WHAT IS EXPECTED — Retype the data below exactly; skip every image.

(SUPPLIED MATERIAL Opens)

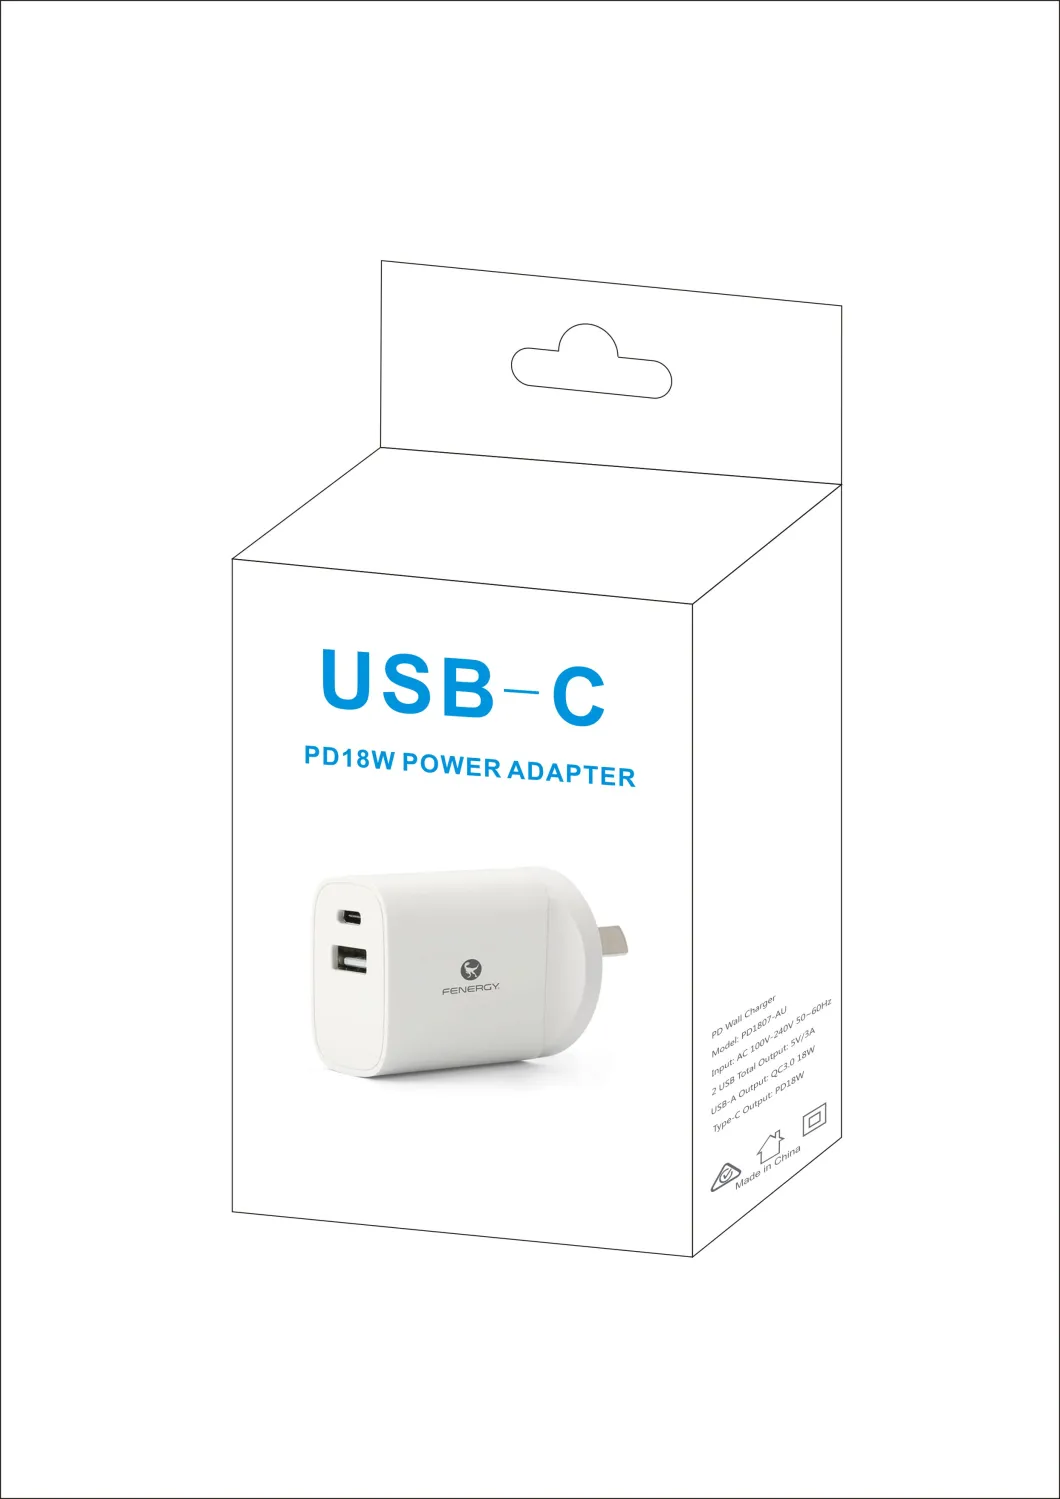 USB Charger Smart Fast Charger Multi Charger Station for iPhone
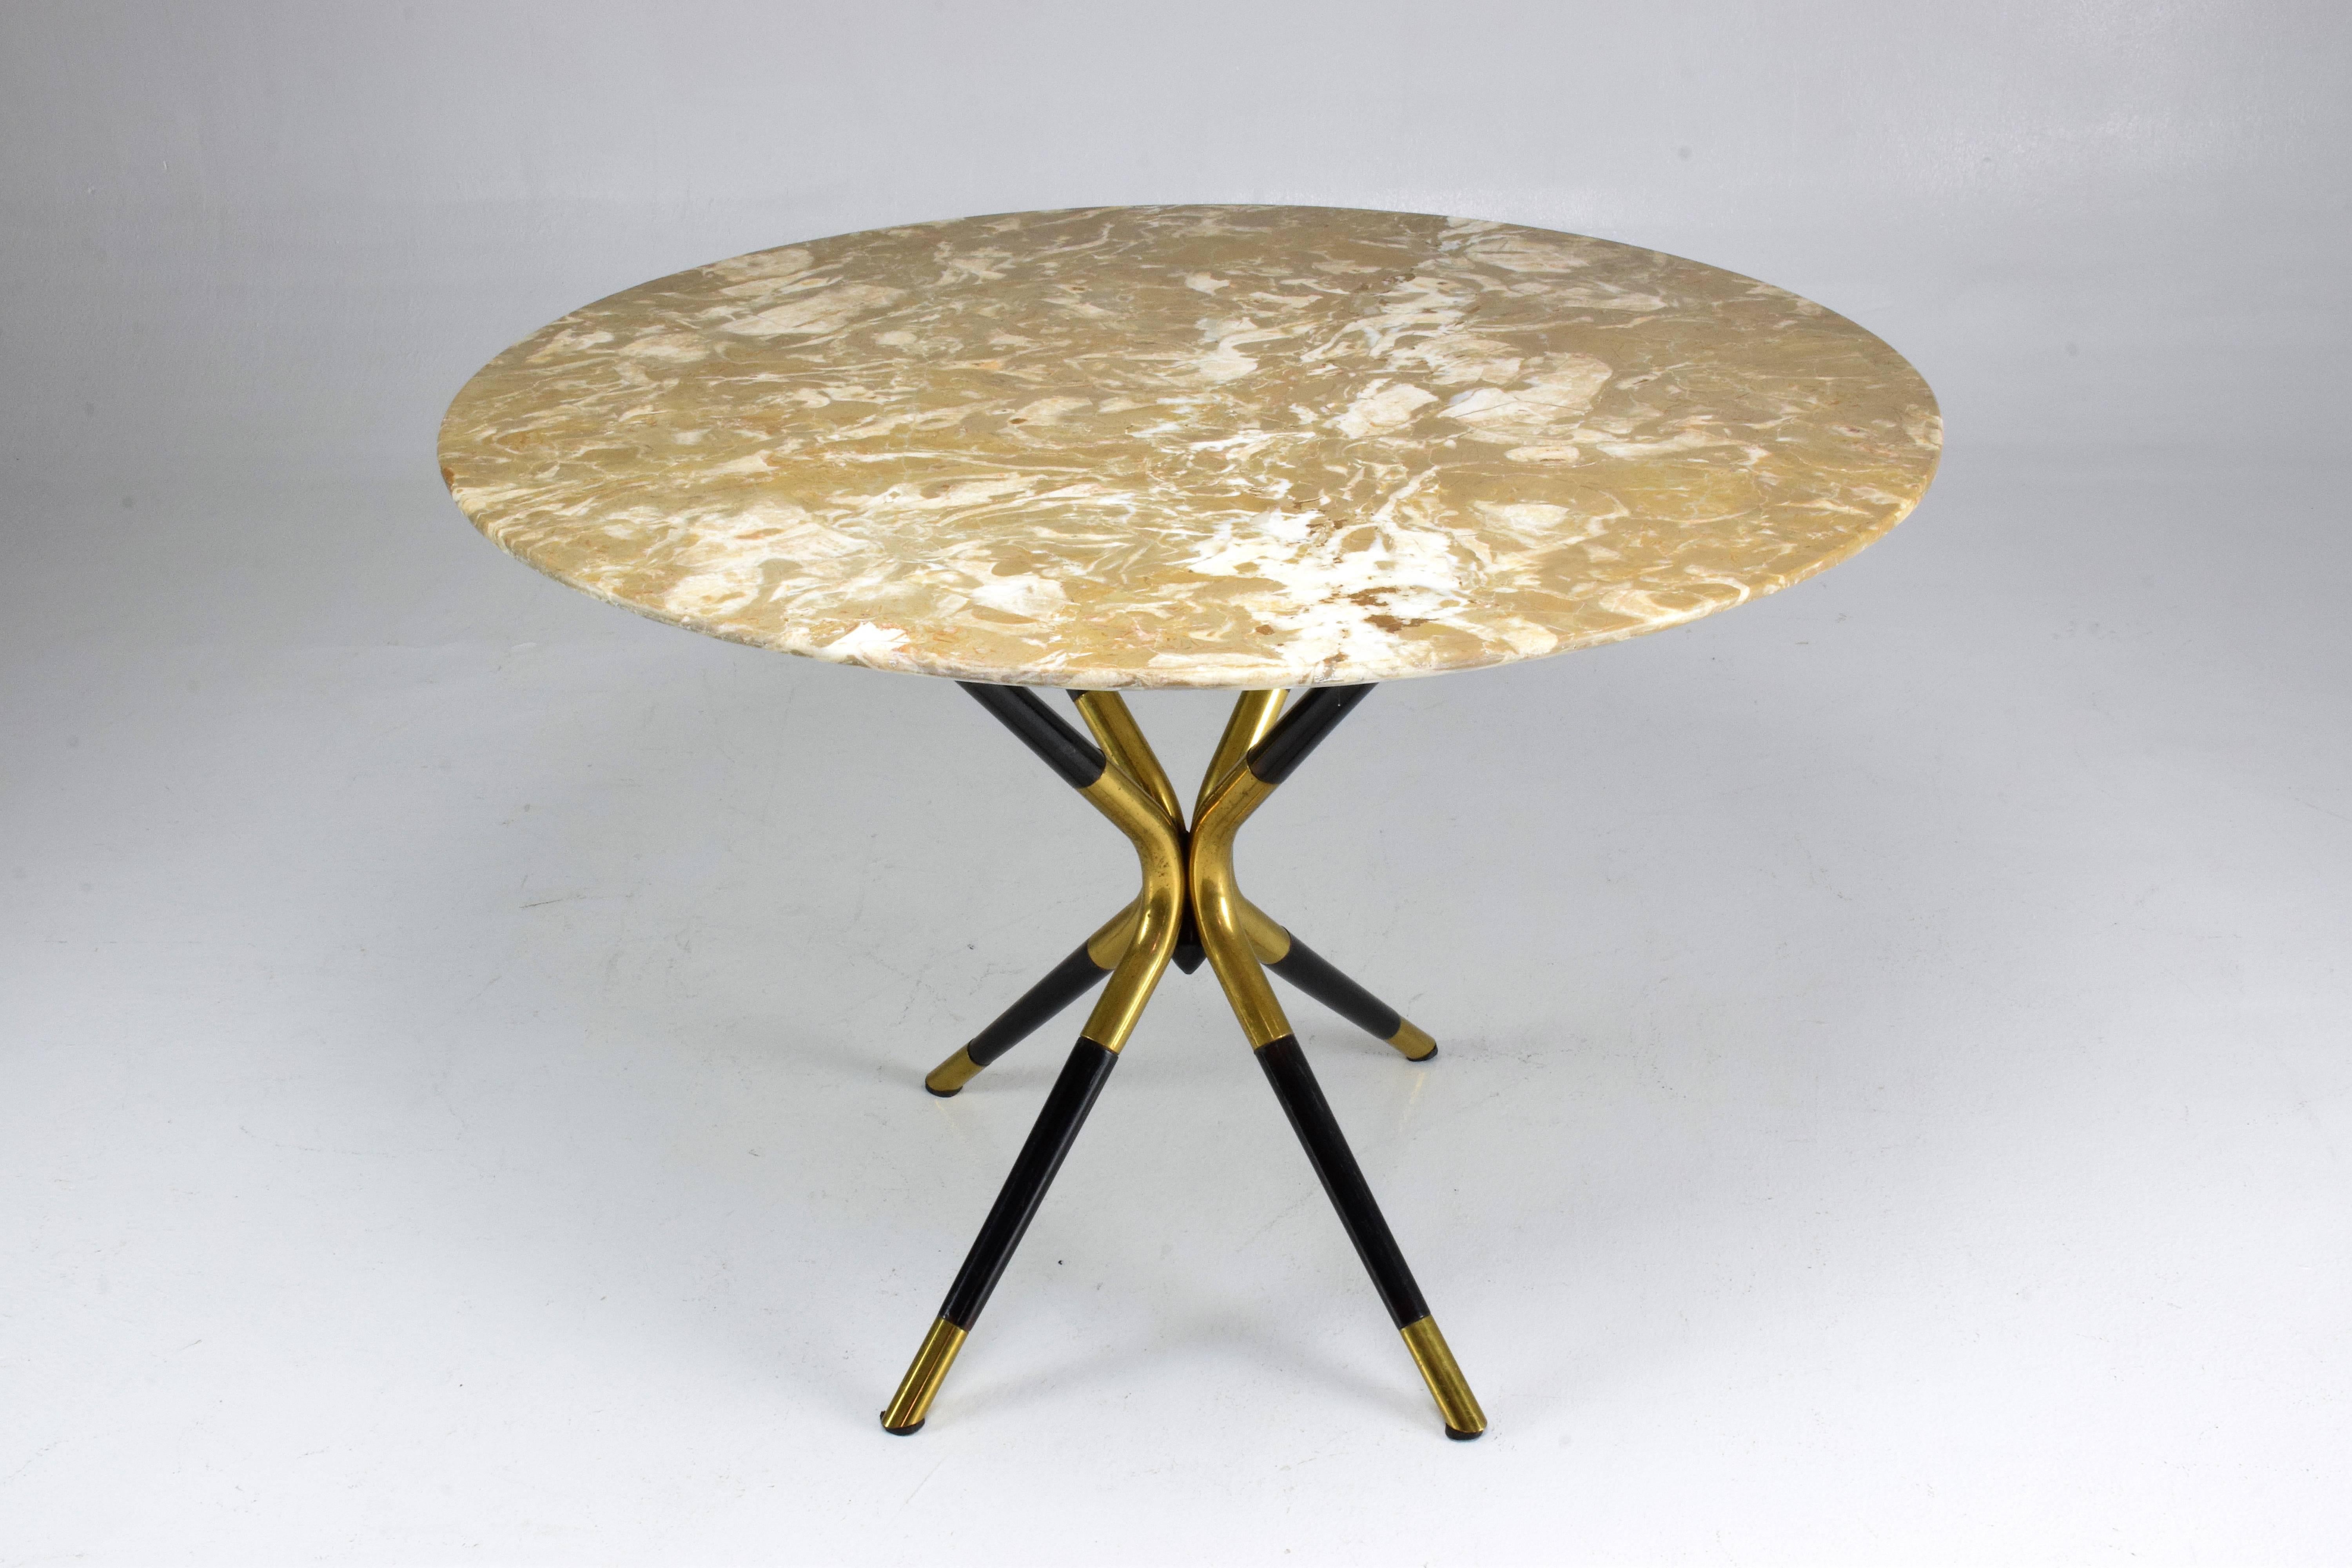 A 20th century vintage circular coffee or side table designed by Italian master Cesare Lacca circa 1950s and composed of a pink marble tabletop and his distinctive structure made of ebonized mahogany and solid brass.
 ---
Spirit Gallery is an

(SUPPLIED MATERIAL Closes)

OUTPUT OF THE EXERCISE —
 USB Charger Smart Fast Charger Multi Charger Station for iPhone
 A 20th century vintage circular coffee or side table designed by Italian master Cesare Lacca circa 1950s and composed of a pink marble tabletop and his distinctive structure made of ebonized mahogany and solid brass.
 ---
Spirit Gallery is an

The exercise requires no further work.